Symantec Norton AntiSpam
Norton AntiSpam 2004 ($40) stopped just under 80 percent of the spam in my tests, putting it solidly in the middle of the pack for accuracy. Its integration into Outlook, Outlook Express, and Eudora is a nice touch, but the program made my test system run dog-slow, though my hardware exceeded Symantec's minimum requirements.
After I installed AntiSpam, for example, clicking a mail folder to open it caused my PC to chug for several seconds before it reacted. Even when AntiSpam wasn't actively filtering, Outlook responded much more slowly when I tried to open messages, access folders, delete existing mail, or empty the trash. And downloading mail took about five times longer than it did before AntiSpam was installed.
Though the program can import the address book from Outlook, it took longer than 5 minutes to accomplish this task with our sample (which contained 1046 names and addresses). In contrast, IHateSpam took just 15 seconds to do the same thing.
Trend Micro PC-cillin Internet Security
Like several other products from large, well-known companies, PC-cillin ($50) is a suite that includes a spam filter as part of a package with antivirus, a firewall, anti-spyware software, and parental controls. This product offered reasonable accuracy, catching 86 percent of my spam, but it was saddled with a fairly high false-positive rate of 6.9 percent.
But unlike any other product I tested, PC-cillin didn't actually delete anything. The program simply adds "spam:" to the beginning of the subject line for any messages it thinks are junk. You have to create a filtering rule in your mail software to deal with those messages, but that step isn't part of the installation.

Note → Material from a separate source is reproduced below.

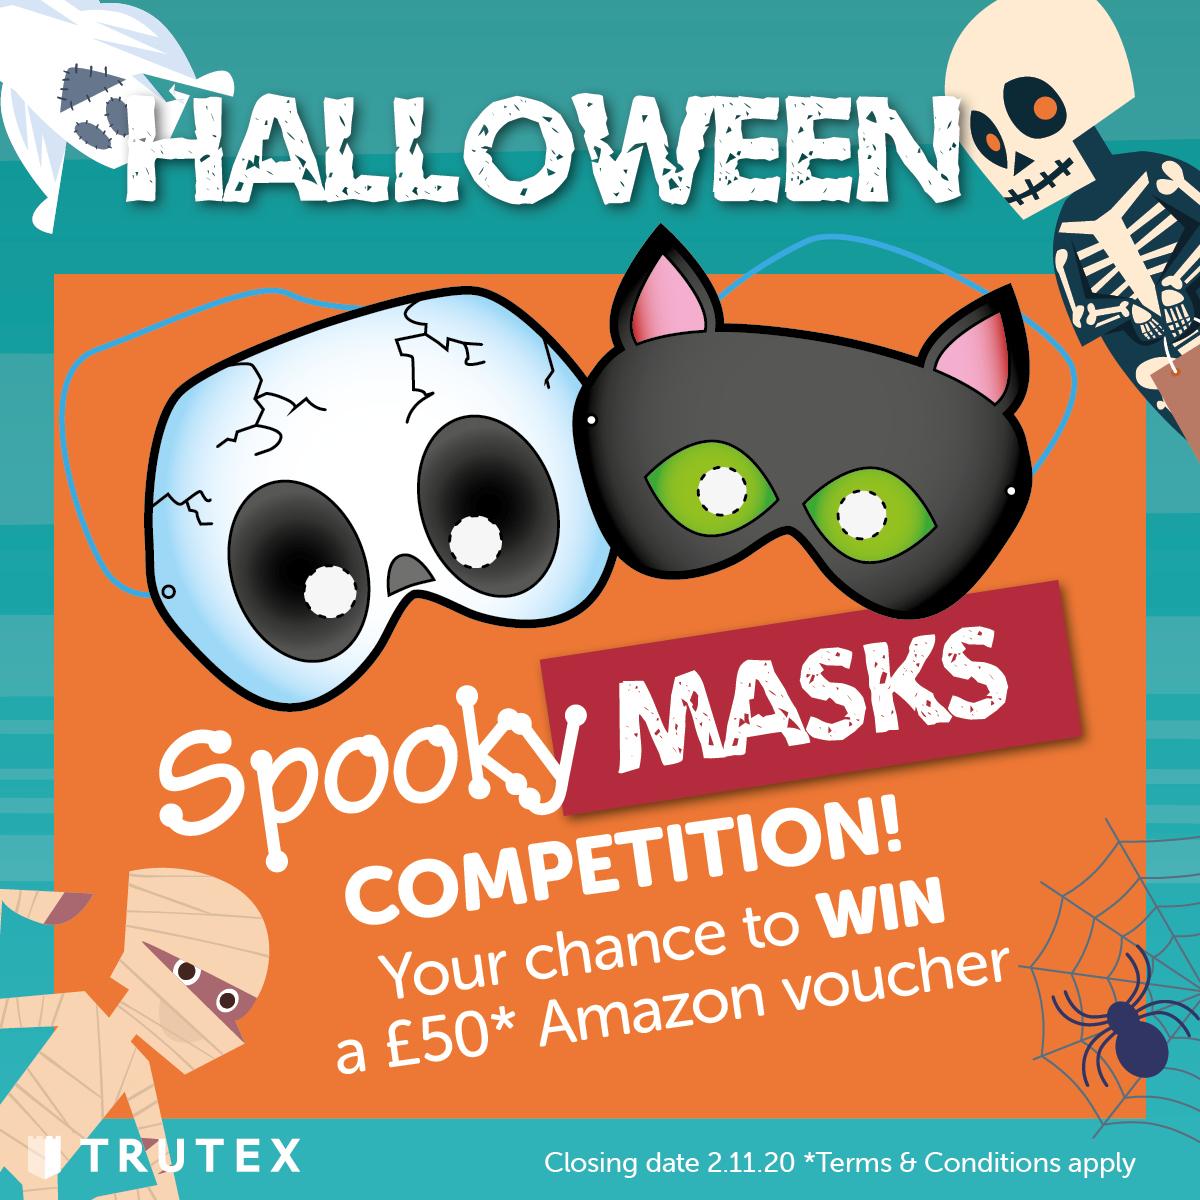 Halloween Activities & Competition

Following the same pattern I saw with McAfee SpamKiller and Panda Platinum, PC-cillin doesn't play well with other applications. It checks for existing installations of antivirus products, and it requires you to uninstall any other antivirus application before you install the PC-cillin suite.

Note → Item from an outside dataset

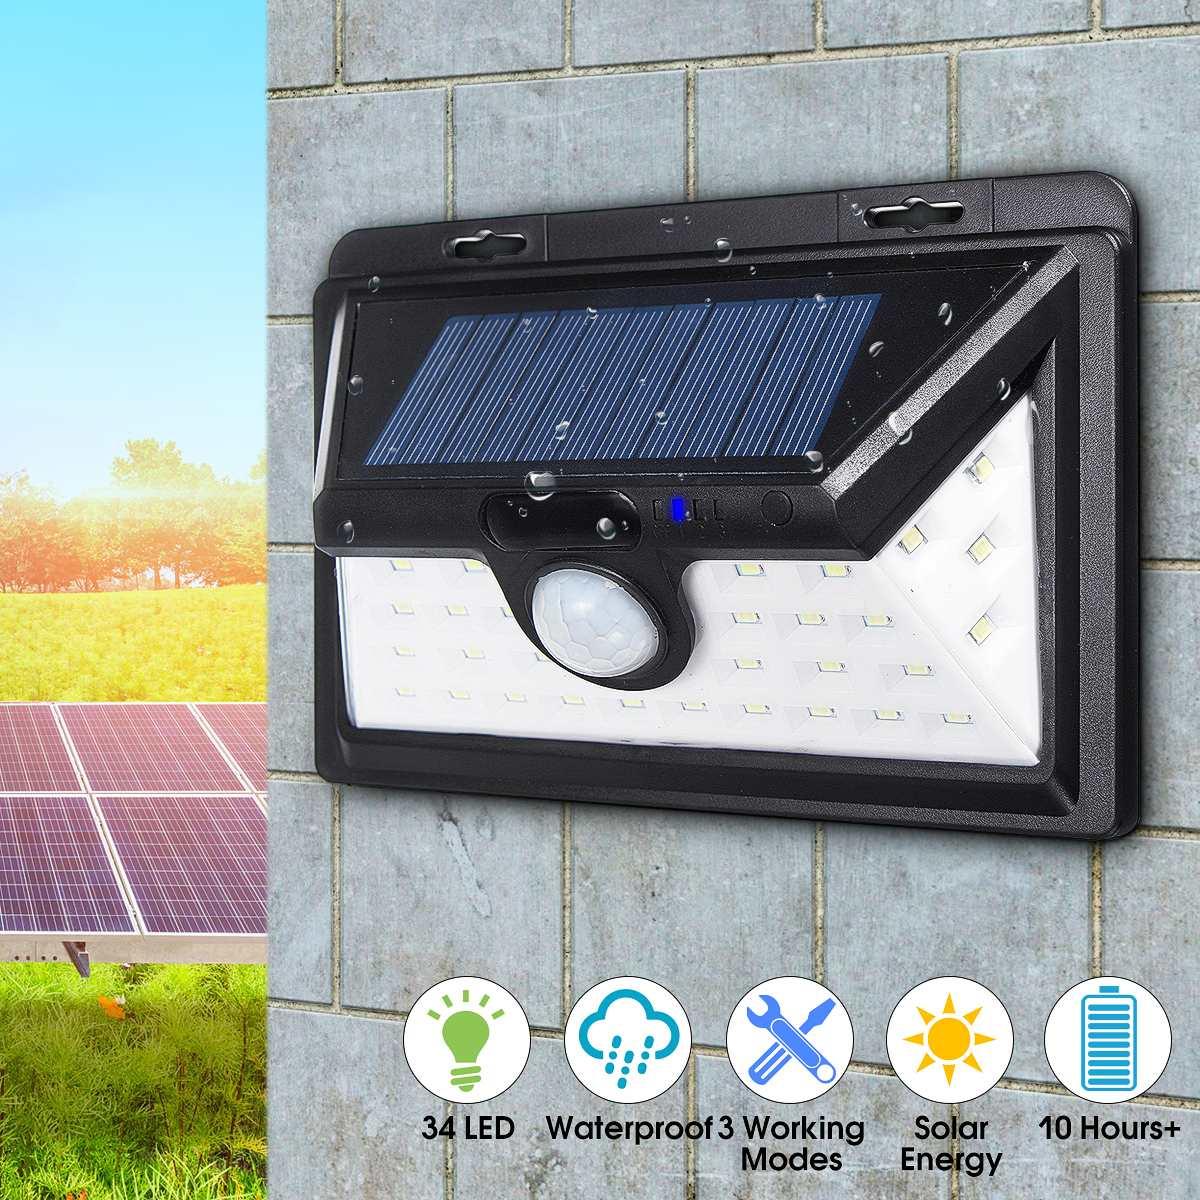 PIR Motion Sensor 34 LED Solar Power Solar Light Light Motion Sensor Outdoor Security Wall Lamp Garden Light Waterproof ds 360 solar sensor led light black

PC-cillin lets you adjust only one setting: a slider for establishing a low, medium, or high level of aggressiveness in identifying spam. And beyond adding a whitelist of e-mail addresses, you can't train the program to improve its filtering accuracy. Adding addresses to the whitelist isn't hard, but you can access the whitelist only through the PC-cillin interface, not from within Outlook. If you're considering buying PC-cillin's suite for its Best Buy-winning antivirus tool (see the Features Comparison chart), the spam filter is serviceable, but it's nowhere near the best of the bunch.